ANN DOWSETT JOHNSTON
I grew up in small-town northern Ontario, in a village in South Africa, and on the shores of Georgian Bay, surrounded, for the most part, by women and books. As a journalist, I have been blessed with a profession that has allowed me to continue in the same vein: travelling, talking and exploring the written word. In recent years, I have won a number of National Magazine awards for my work at Maclean’s. My greatest adventure, by far, has been the eighteen-year journey I have shared with my son Nicholas. As he heads off into the world to find his voice, I am rediscovering mine: writing on motherhood, modern life and the evolution of the family.
MAGGIE DWYER
I was born in Stratford, raised in southern Ontario and spent twenty interesting years in Winnipeg before moving to Vancouver Island with my second husband.

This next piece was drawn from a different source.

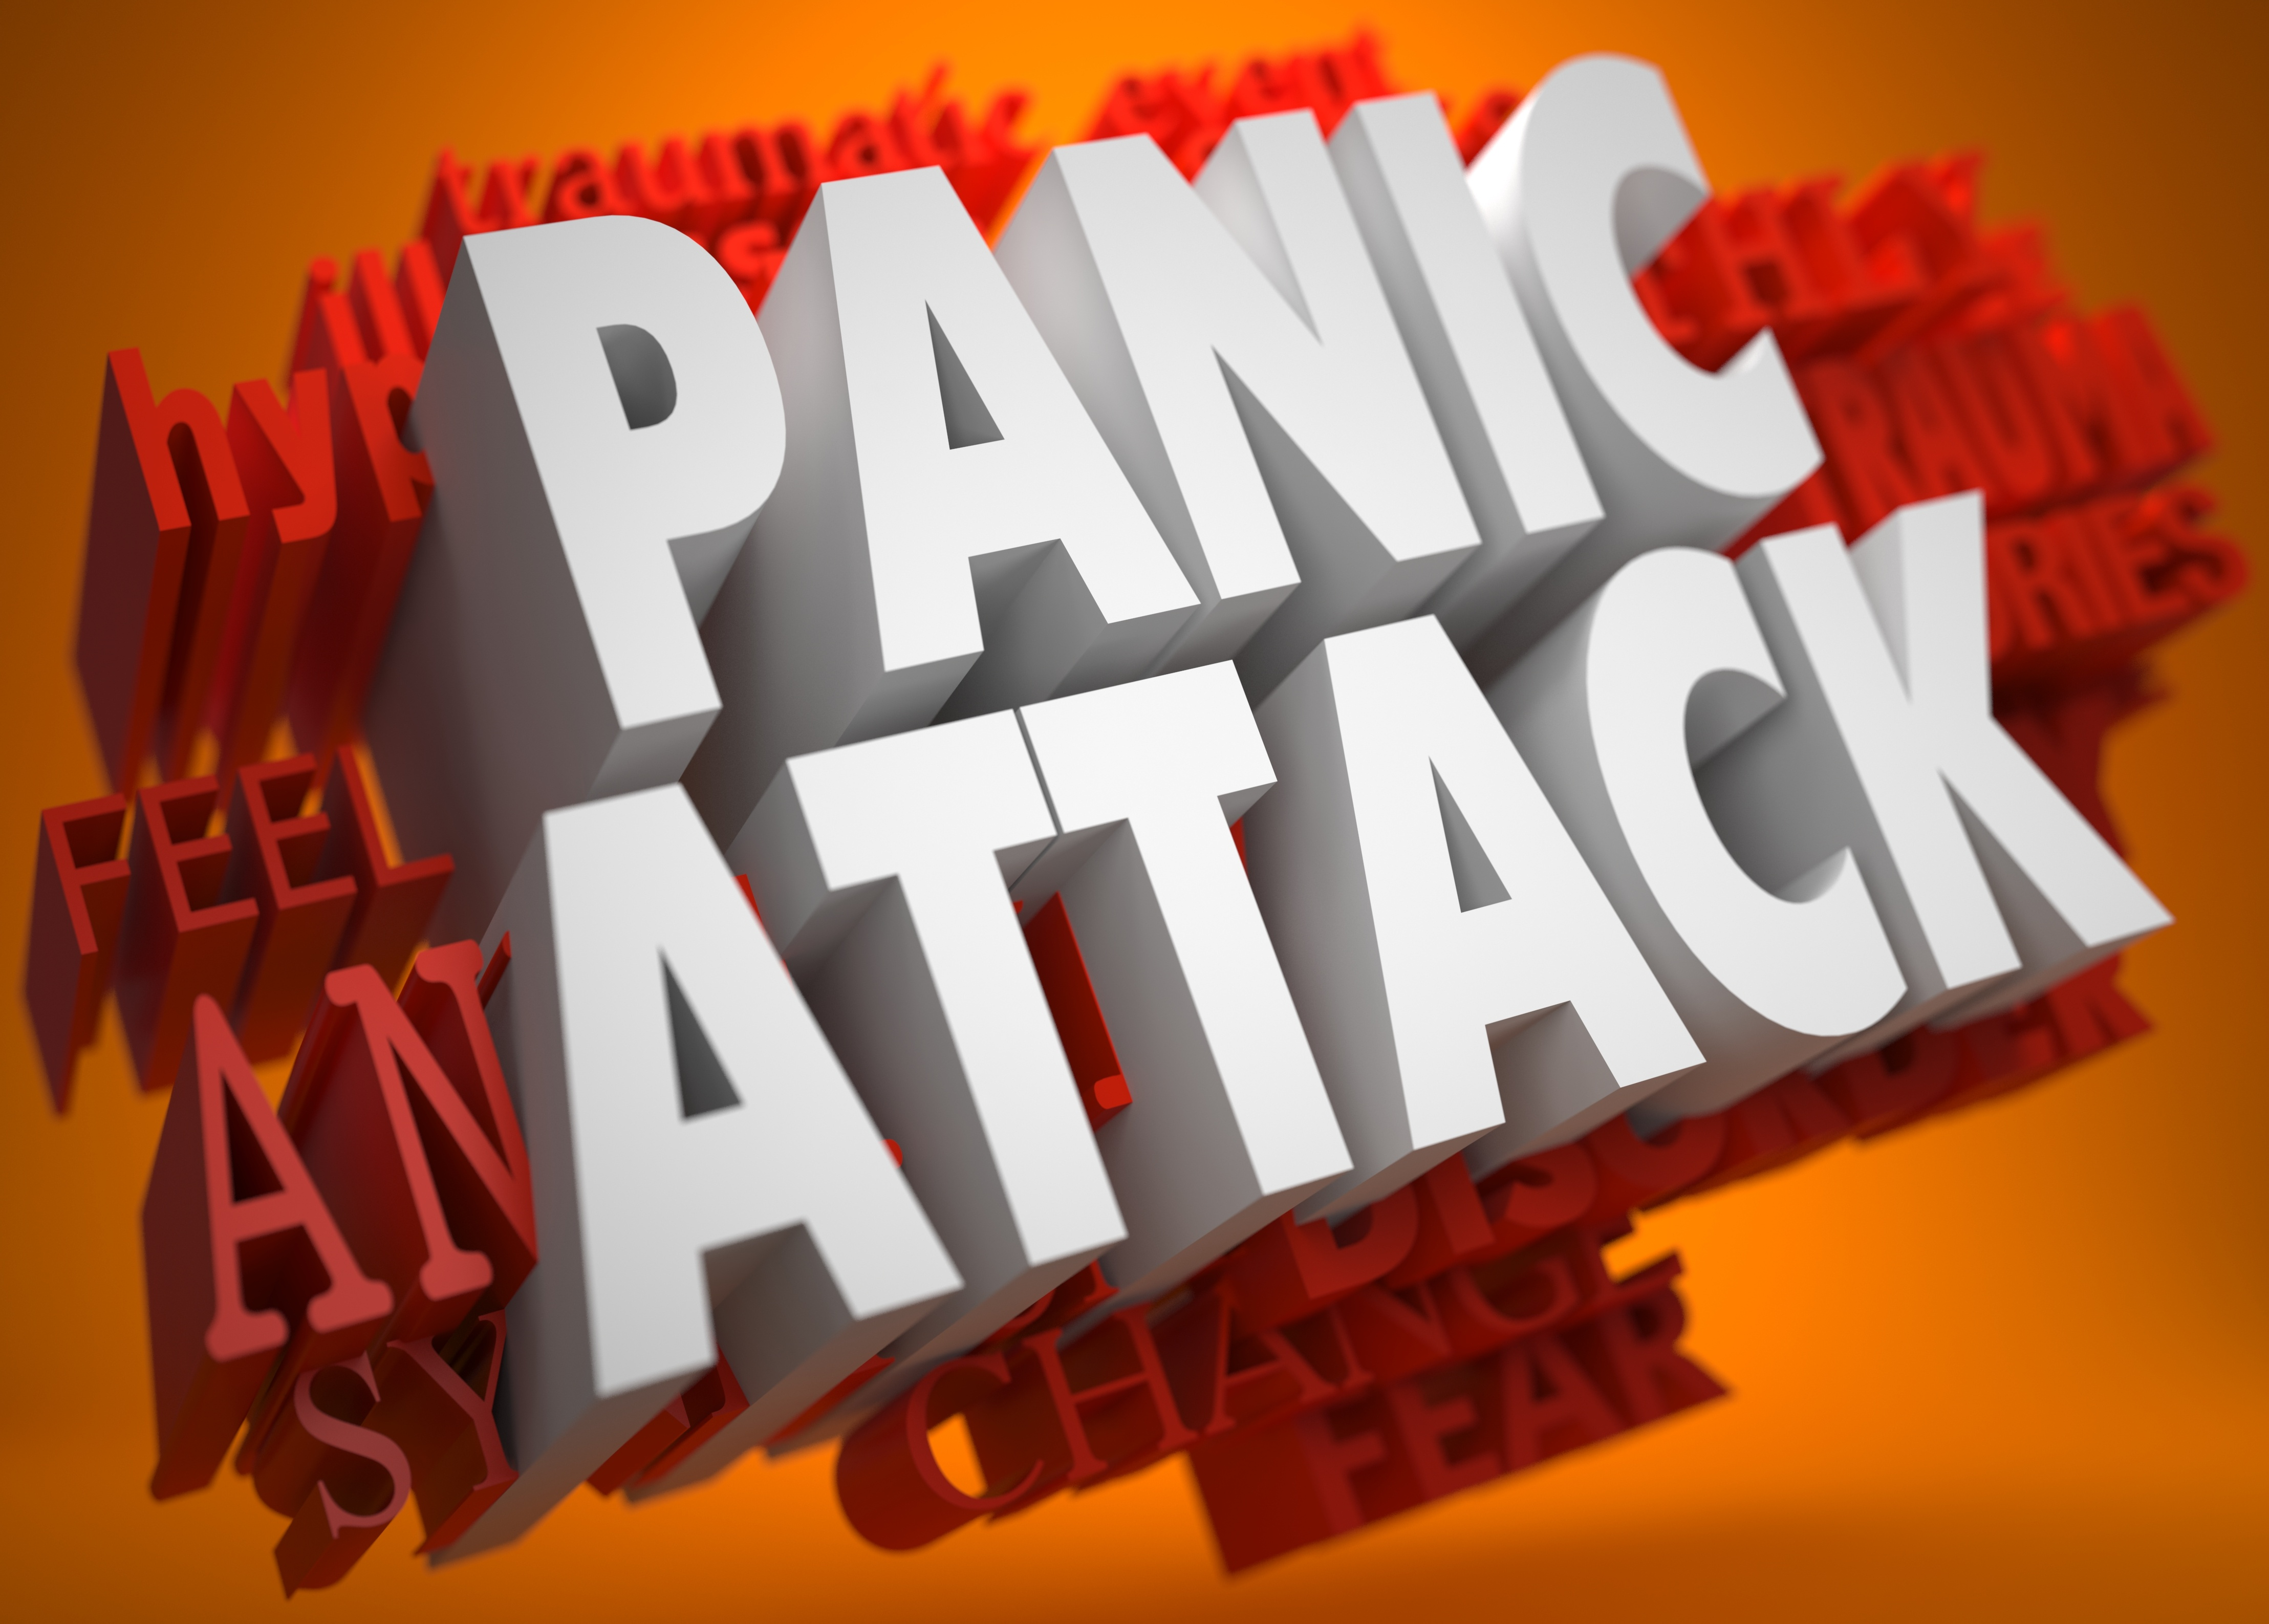 паническая атака

I began writing down the stories that I had long been composing in my head during the afternoons of my years at home with my two daughters. I have published a short story collection, Misplaced Love, and am revising a novel.
LISA GREGOIRE
I prefer oceans to mountains. I screen my calls. The first song I ever learned all the lyrics to was Raindrops Keep Fallin on My Head by Billy Joe Thomas—I was five. I knew I
was an adult when I started craving vegetables and sleep. I don’t hold grudges or life insurance, and the man I married is still my best friend.
LINDA HARLOS
Health crises notwithstanding, I’m generally busy earning a modest, more or less honest living. I’m fortunate to have propelled myself to several of this planet’s breathtaking (literally!) venues. Although I’m an avid reader who sometimes fantasized about going through the looking glass, this subject wasn’t exactly the publishing debut of my dreams. Love and gratitude to all who accompanied, chauffeured, consoled and/or fed me during my recent ordeal.
SARAH HARVEY
I was born in Chicago but have spent most of my life within spitting distance of the Pacific Ocean. At fifteen I began what has turned out to be a career as a bookseller (with lapses into go-go dancing and clam digging), and I’ve been writing for the past fourteen years. I have two astonishing children, an assortment of amazing friends, an appreciation of solitude and a desire to learn Latin dancing before I’m too old to safely swivel my hips.